En ese orden de cosas, en el caso concreto, se evidencia que en cumplimiento de la verificación de requisitos para la viabilización del mandamiento de libertad extendido en favor del accionante, se emitió el Informe de Verificación de 28 de abril de 2022, por el que, el Encargado de Archivo Kardex del Centro Penitenciario San Pedro de La Paz, certificó que revisado el file de antecedentes de Roger Elvis Tellería Zalles, se advirtió que éste último cuenta con otro mandamiento de detención en su contra; por cuyo efecto, el Director del citado recinto, mediante Auto de igual fecha, dispuso no dar curso a la libertad del prenombrado.

Constando al efecto, el correspondiente Mandamiento de Apremio librado el 19 de abril de 2022, por el Juez Público de Familia Décimo Tercero del departamento de La Paz, por el que se ordena a cualquier autoridad hábil y no impedida, proceder al apremio de Roger Elvis Tellería Zallez, hasta la cancelación del monto total adeudado de Bs24 000.- por asistencia familiar, dentro del proceso de referencia seguido por María Elena Tapia Terceros en contra del prenombrado.
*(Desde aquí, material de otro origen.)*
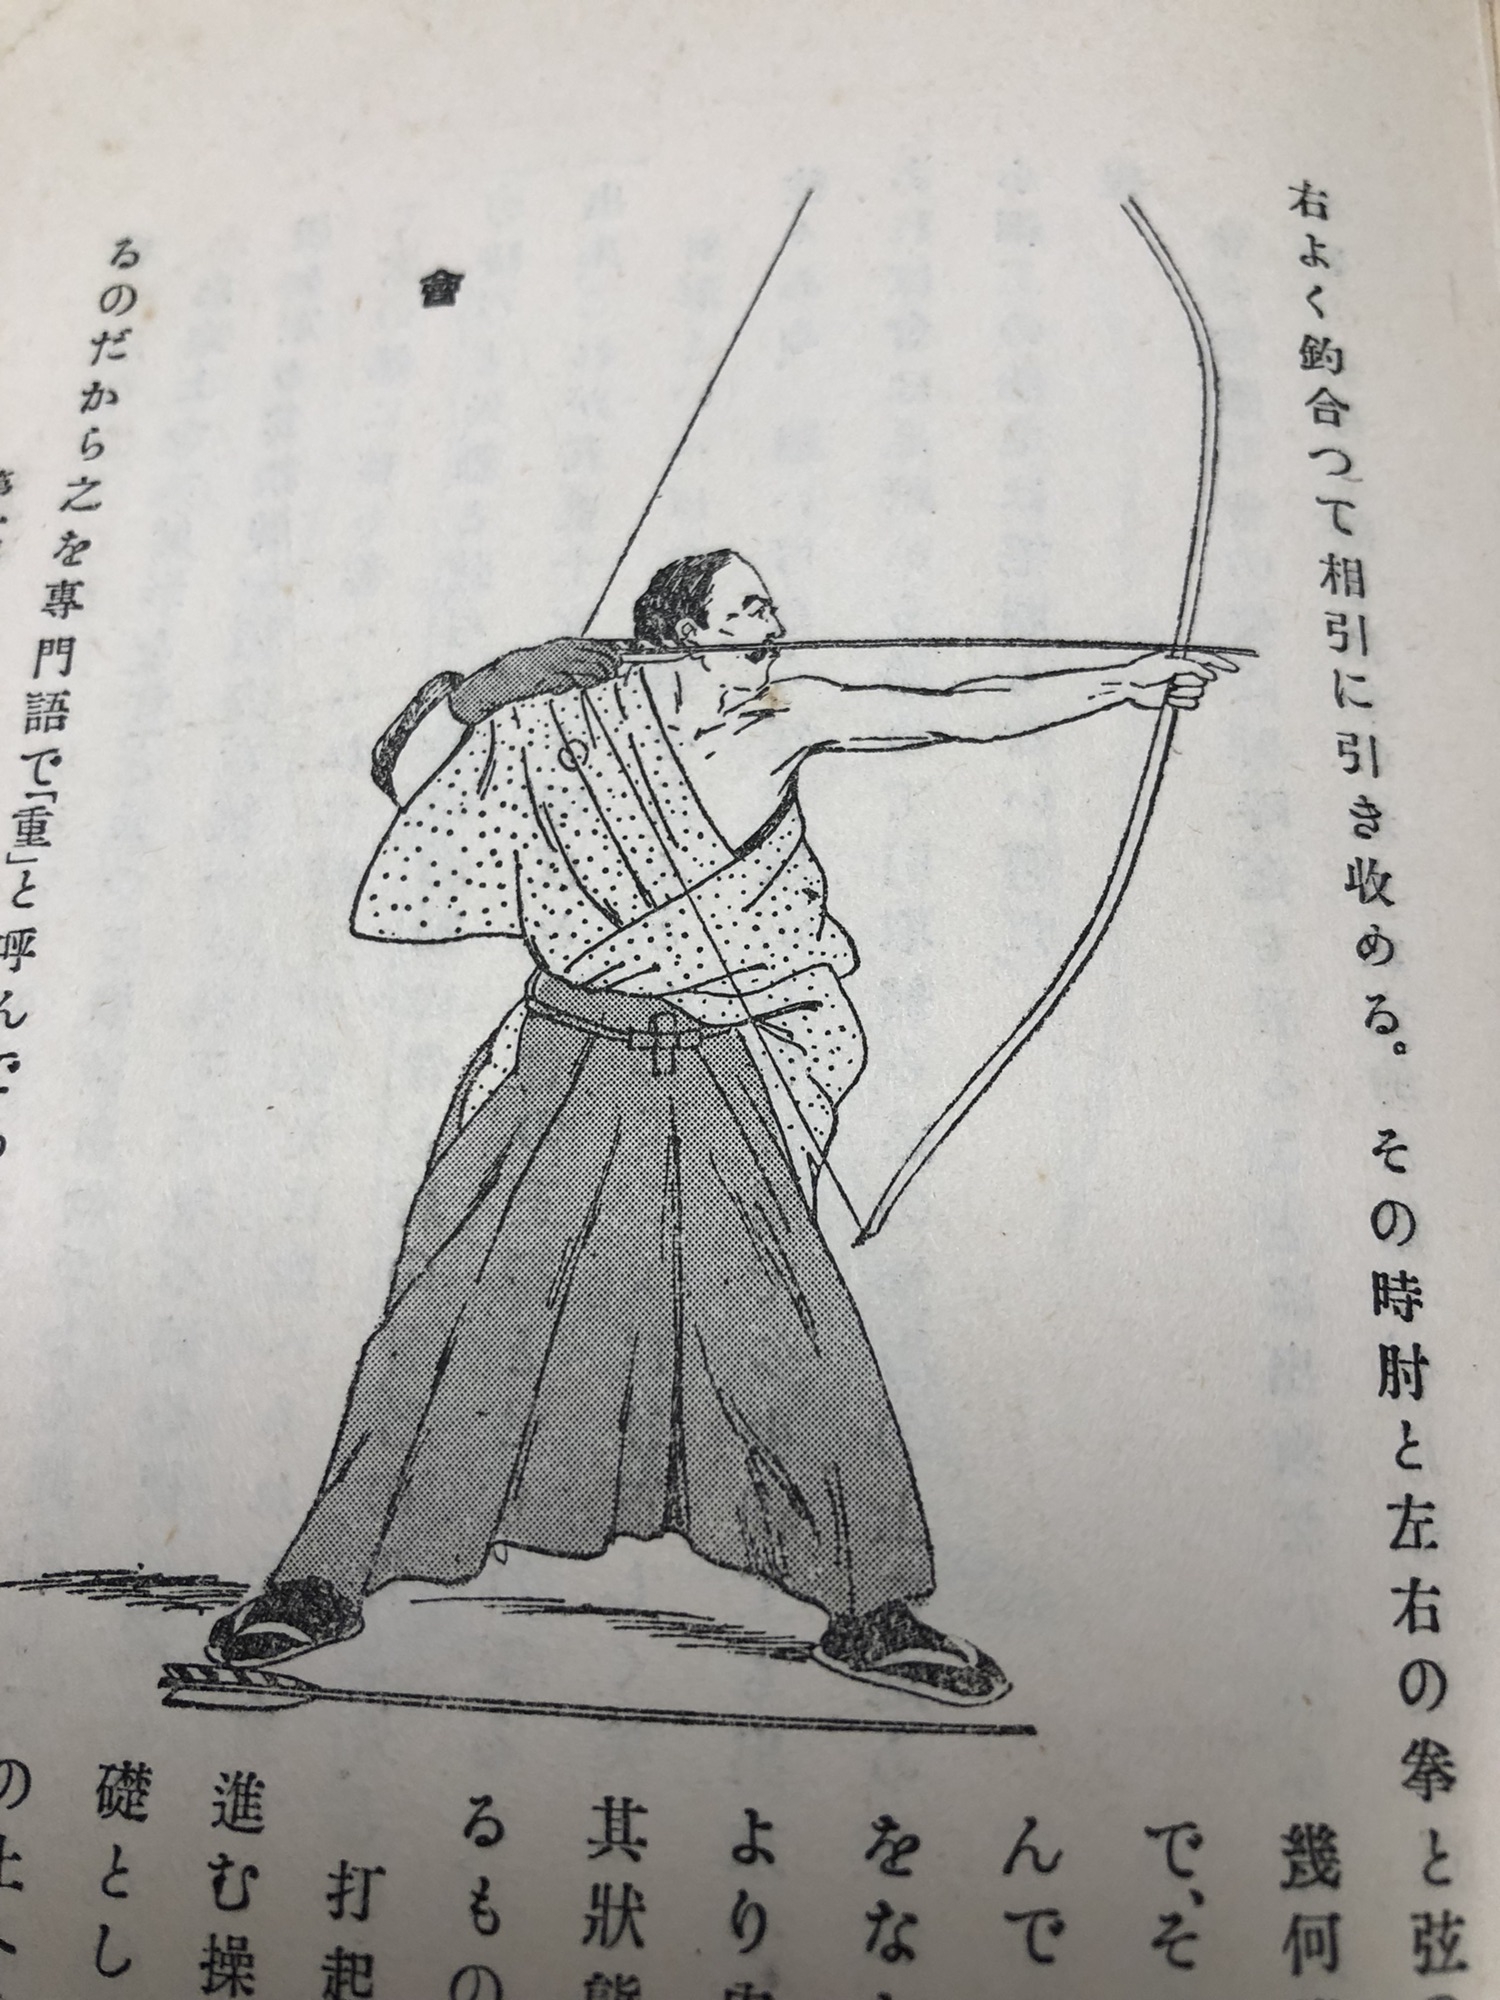 弓道書：日本體育叢書第四篇 弓道 | 尼崎弓道会 公式ホームページ
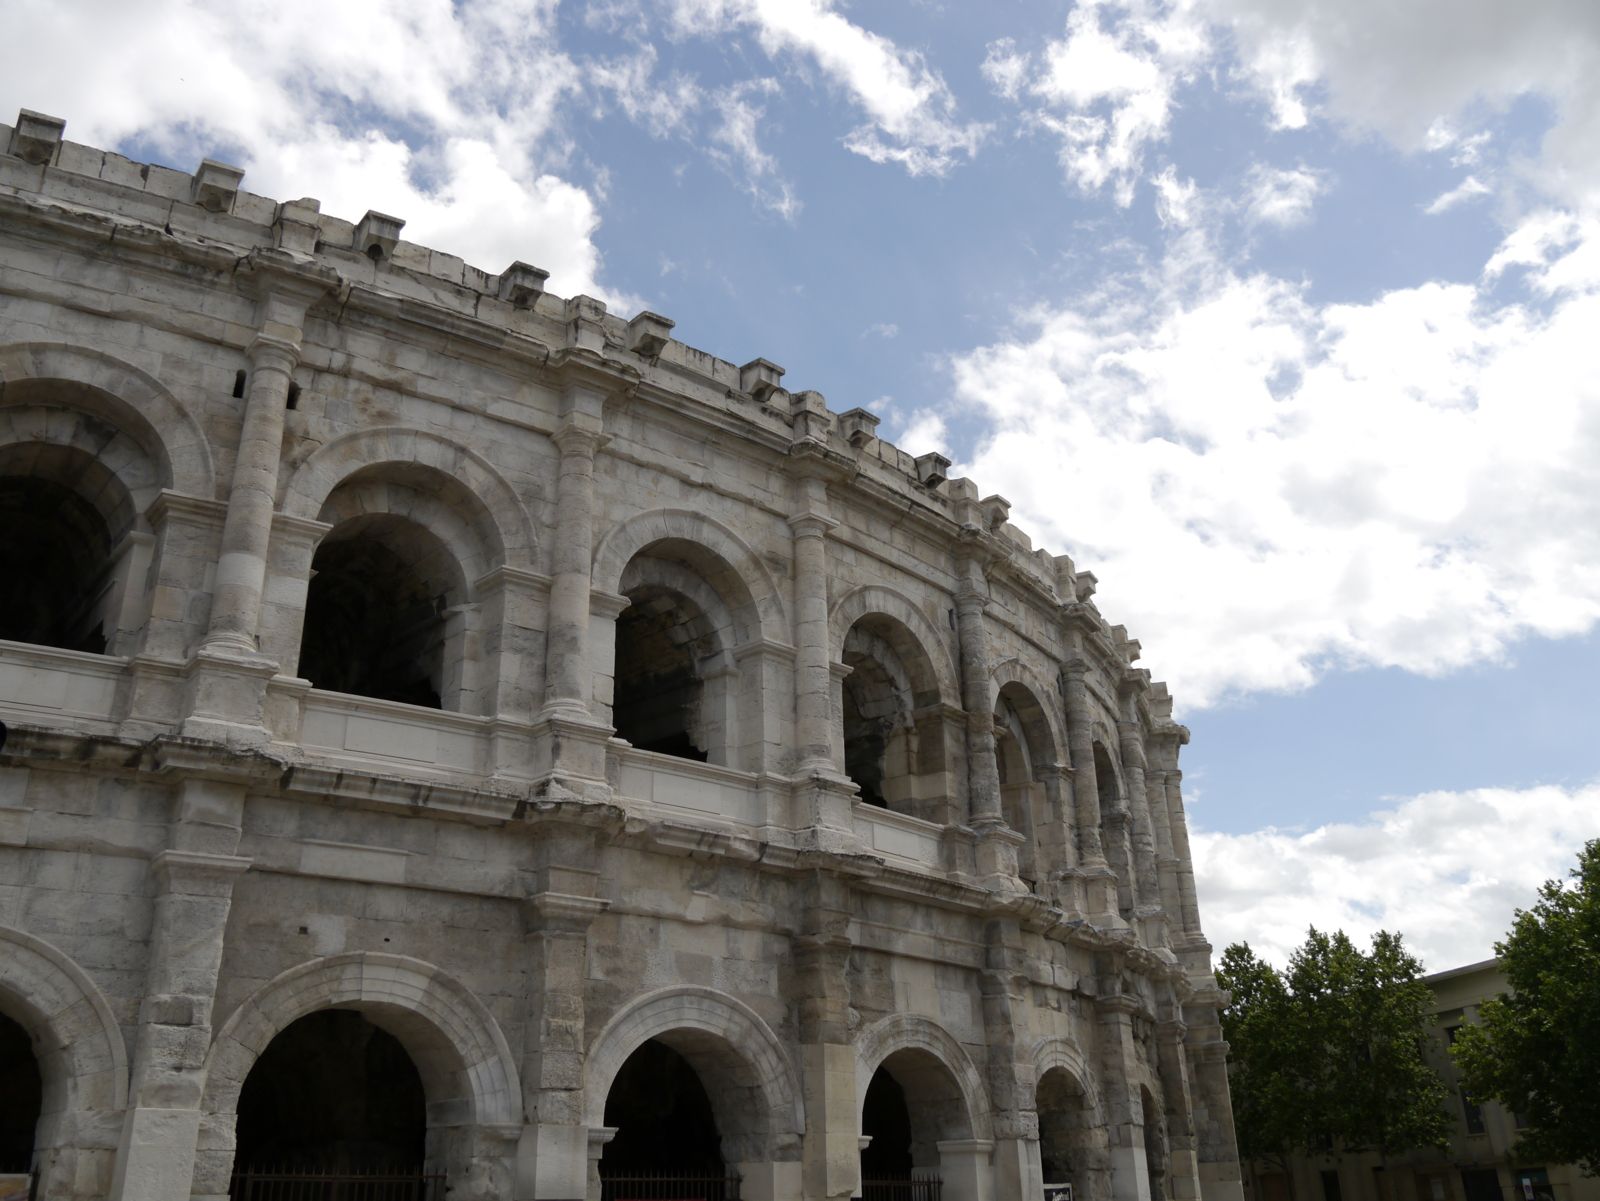 La façade extérieure des arènes de Nîmes se détache sur un ciel bleu légèrement nuageux.

Ahora bien, de lo desarrollado precedentemente, y en virtud del Fundamento Jurídico III.1 de este fallo constitucional, corresponde señalar que, si bien el impetrante de tutela exige el cumplimiento de lo ordenado por la Jueza de la causa, solicitando que el Director del Centro Penitenciario San Pedro, hoy demandado, materialice su libertad de forma inmediata; empero, de acuerdo con los antecedentes que acompañan esta acción tutelar, conforme se citó precedentemente, se advierte que luego de procederse a la verificación exigida por ley, se constató la existencia de otro mandamiento de apremio librado en contra del accionante, lo que imposibilitó que la decisión judicial pueda ser ejecutada por el hoy demandado.

Por lo que en mérito a lo descrito, corresponde denegar la tutela solicitada, al evidenciarse que la autoridad demandada únicamente enmarcó su accionar a lo que manda la ley, acreditándose la existencia de un justificativo razonable que imposibilitó la ejecución de la orden judicial emitida por la autoridad jurisdiccional competente, sin que ello importe la lesión de los derechos invocados por el ahora impetrante de tutela.

Consiguientemente, la Jueza de garantías, al denegar la tutela solicitada, obró de manera correcta.